Глаза хитрющие, хитрющие. Ну, что такой скажешь?
Папа Алёны, чувствуется, он лидер в их семье, но лидер – безумно любящий своих «девочек», просто сказал:
– Спасибо вам за Алёнку. За всё, всё спасибо.
Алёна приколола мне на грудь чуть выше комсомольского значка брошь – в центре круглый плоский лунный камень, а вокруг круги, словно солнечная система.
– Никаких возражений. Это от чистого сердца. Алёнке привезли в подарок, она сама выразила желание вам её подарить на добрую память.
Бабушка Марины поверх пионерского галстука особым образом как – то очень кокетливо повязала мне газовый шарфик, сказав при этом:
– Милочка, вас гораздо приятнее было бы видеть в легком летнем платье, нежели в пионерской форме. Вы же будущая женщина, педагог и дети, глядя на вас и беря с вас пример должны видеть и ценить прекрасное.
Вечером, уложив детей спать, при свете настольной лампы почитала «Обрыв» И. А. Гончарова и прежде чем, ложиться, решила обойти палатки с детьми.
Зина была с Антоном на свидании. Осторожно, чтобы не разбудить, прошлась по палатке девочек. Так приятно смотреть на безмятежно спящих ребятишек. Они такие тихие, спокойные, беззащитные, так хочется их всех обогреть, кому – то поправить одеяло, кому – то подушку. Из палатки девочек пошла к мальчикам. Здесь немножко иначе – у большинства одеяла вообще откинуты в сторону, лежат, разметавшись по кроватям, кто спит, кто притворяется. Градов вообще почему – то накрылся с головой одеялом, подошла, чтобы хоть нос немного открыть, а открывать нечего, нет Градова на кровати – «кукла», свернутая лежит, а его нет. Когда я осознала, до меня дошло, что Сережи нет, у меня душа ушла в пятки, волосы на голове встали дыбом. Мгновенно вылетев из палатки, побежала как сумасшедшая, ничего не видя перед собой, наверное, даже не зная, куда и зачем пока с разбега не налетела на Антона. Они с Зиной гуляли по аллее. Увидев меня, несущуюся сломя голову, Антон попытался меня остановить.

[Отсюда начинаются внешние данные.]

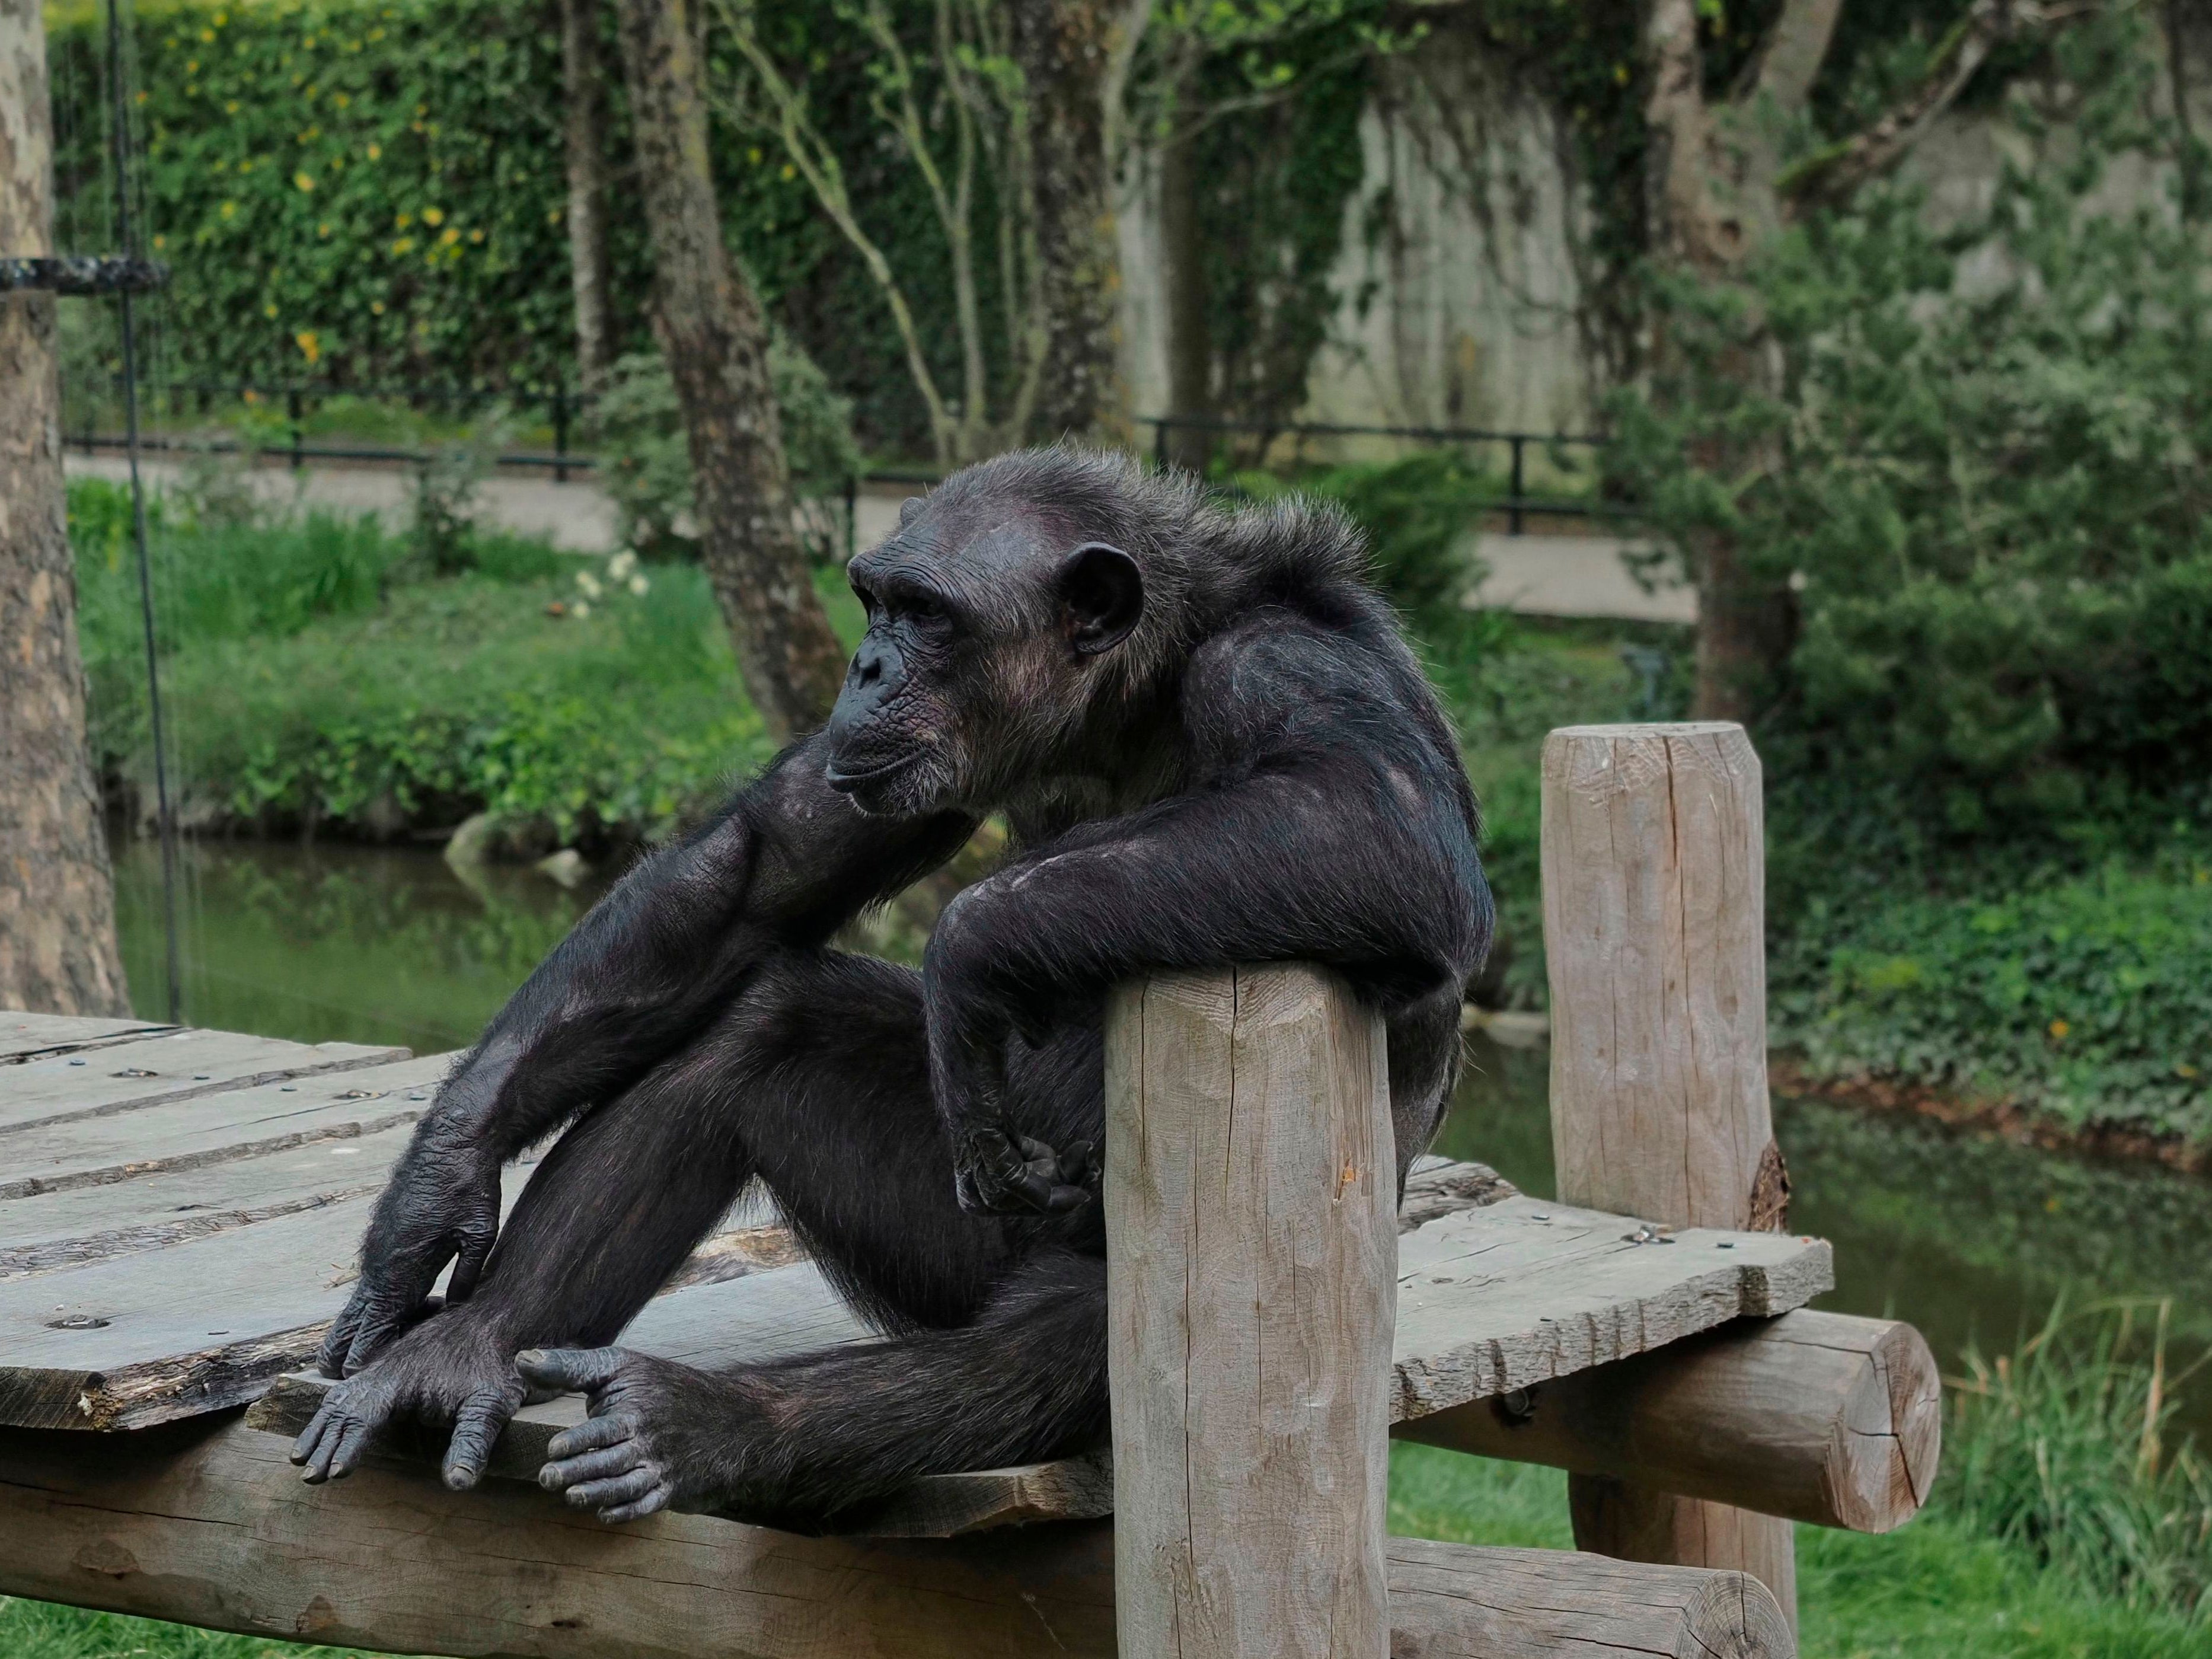 A chimpanzee sits in its enclosure at the empty zoological park of Beauval in Saint-Aignan-sur-Cher, on 16 April 2020

Даже когда он схватил меня в охапку, я всё ещё по инерции продолжала перебирать ногами. Сказать вообще не могла ни слова, в горле ком, руками развожу, слов нет. Зина напугалась. Они постарались привести меня в чувство. Разобравшись в чем дело, Антон попытался меня успокоить:
– Никуда он не мог убежать, тем более из лагеря. Ведь какая – то соображалка у него есть? Скорее всего, просто намылился за яблоками к Ефросинии Андреевне. Это та женщина, которая нам яблоки да груши постоянно в лагерь приносит. У неё сад рядом большой, соток тридцать. Так они каждое лето туда лазят воровать. Ворованные яблоки самые вкусные. На лето она даже свою собаку – волкодава на привязи держит, чтобы ребятишек не порвала. Сейчас схожу на разведку, панику поднимать нечего, найдётся пропащий, никуда не денется. Сидите здесь на лавочке, никуда не ходите, ждите меня. Я скоро.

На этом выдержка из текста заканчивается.